I’m inclined to say that it’s a more viable approach to develop an NLP app. First, the software will provide a tailored experience. Second, you’ll have complete control over software and data. Of course, you won’t be coding from scratch, given all available open-source and commercial MLP libraries.
However, if you still find an NLP solution catering to your particular needs, ensure that you’ll have some flexibility:
- can you add custom add-ons?
- will the software scale at a whim?
- who owns the data?
- are there enough security checks in place?
- can you integrate the solution with other software/vendors?
If you’re ready to create an NLP application and would like to hear our take on your idea and its feasibility, call us here.
- Use Cases of ML in Healthcare
- A Guide to Pose Estimation
- How to Create a Machine Learning App
- How to Build a Chatbot
- Building a Loan Calculator Using ML
- Using AI to Build Healthcare Apps
Frequently Asked Questions
How long does it take to develop an NLP app?
From our experience, plan for at least 6 months to arrive at an MVP.
What is the difference between NLU and NLP?
NLU is part of NLP. In this blog, we use them interchangeably.
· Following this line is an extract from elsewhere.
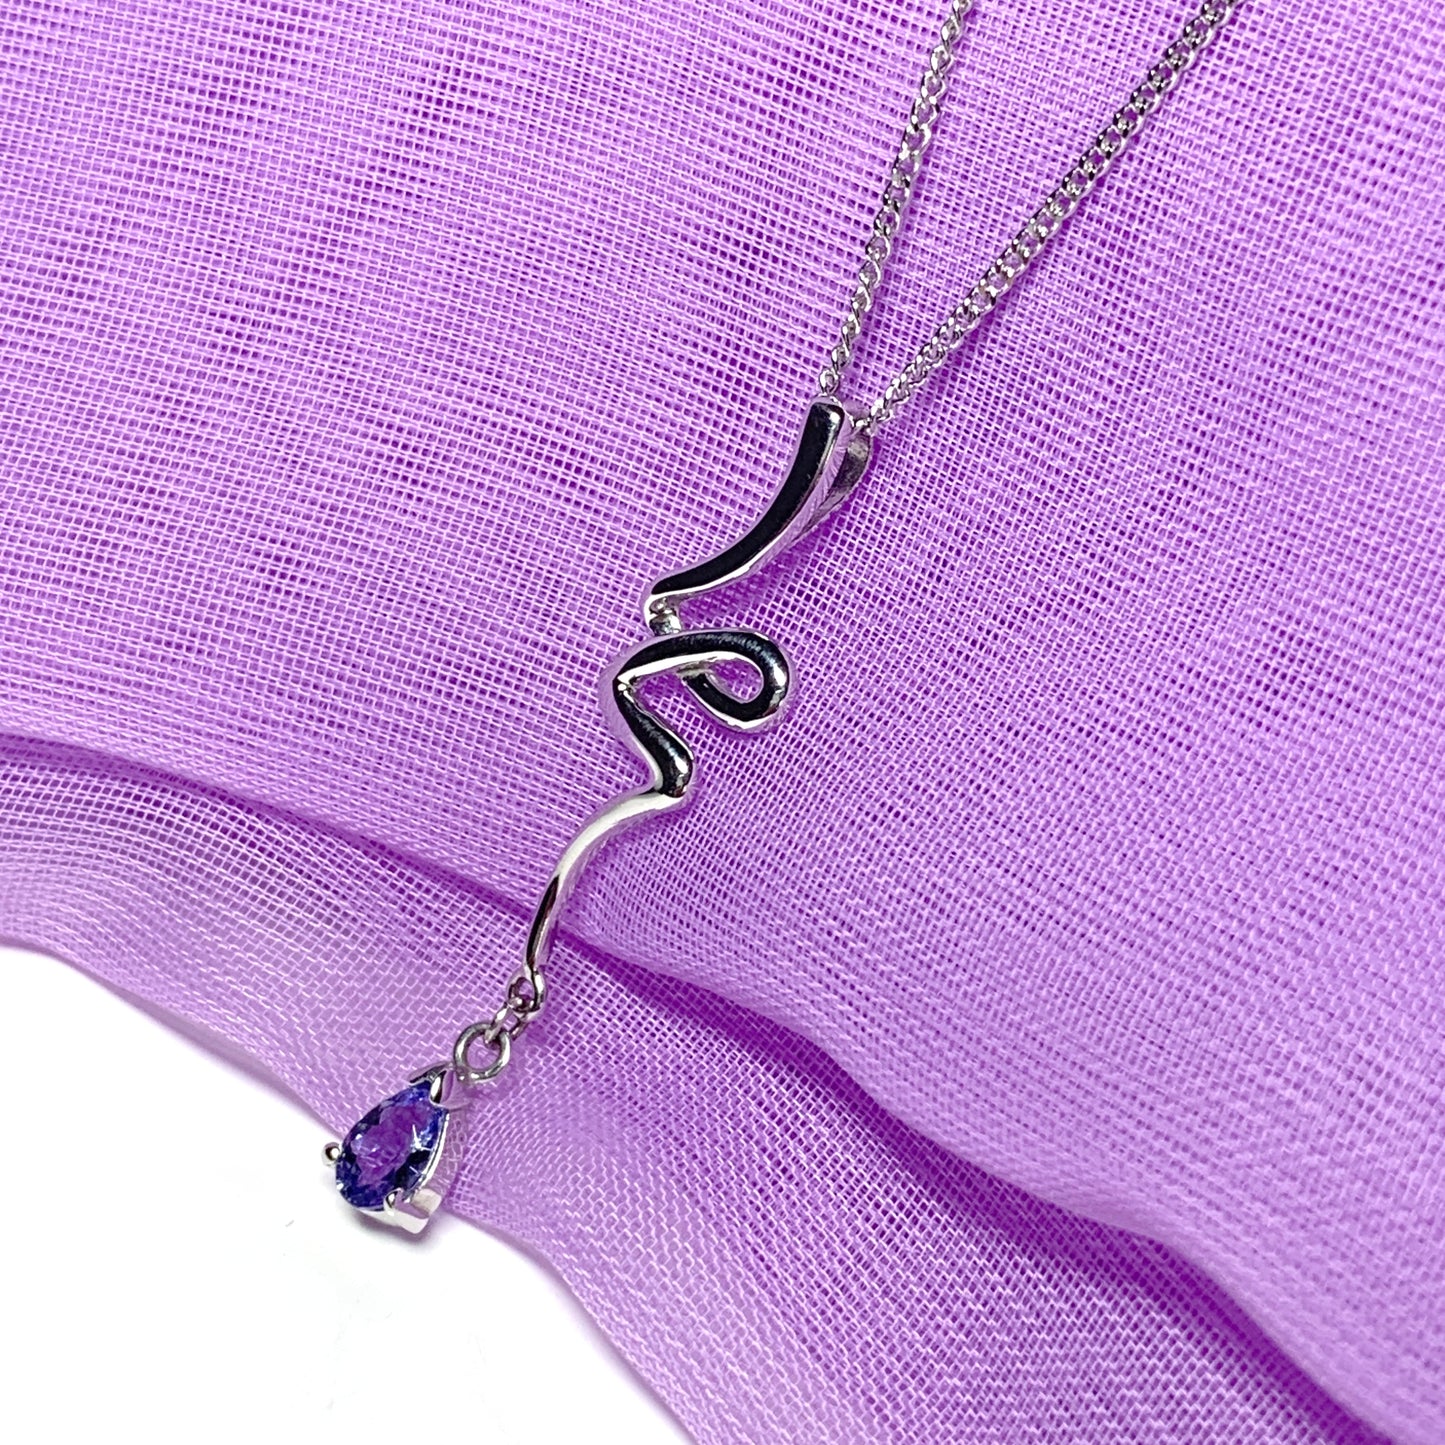 Real tanzanite white gold fancy swirl necklace pear shaped

I wouldn’t really spend time on that; just treat NLU like NLP — tech to understand human language.
Should I host ML code in the cloud or right inside the app?
Having an AI engine in the cloud gives you more flexibility, as you can build multiple front ends and connect them all to the same engine.
What are the most typical NLP applications?
Sales and customer support automation.
How to create an NLP application from scratch?
You will waste a lot of time. I suggest using available NLP tools to bootstrap your app development. The app itself will be “from scratch”, just not the whole ML piece, and that’s ok.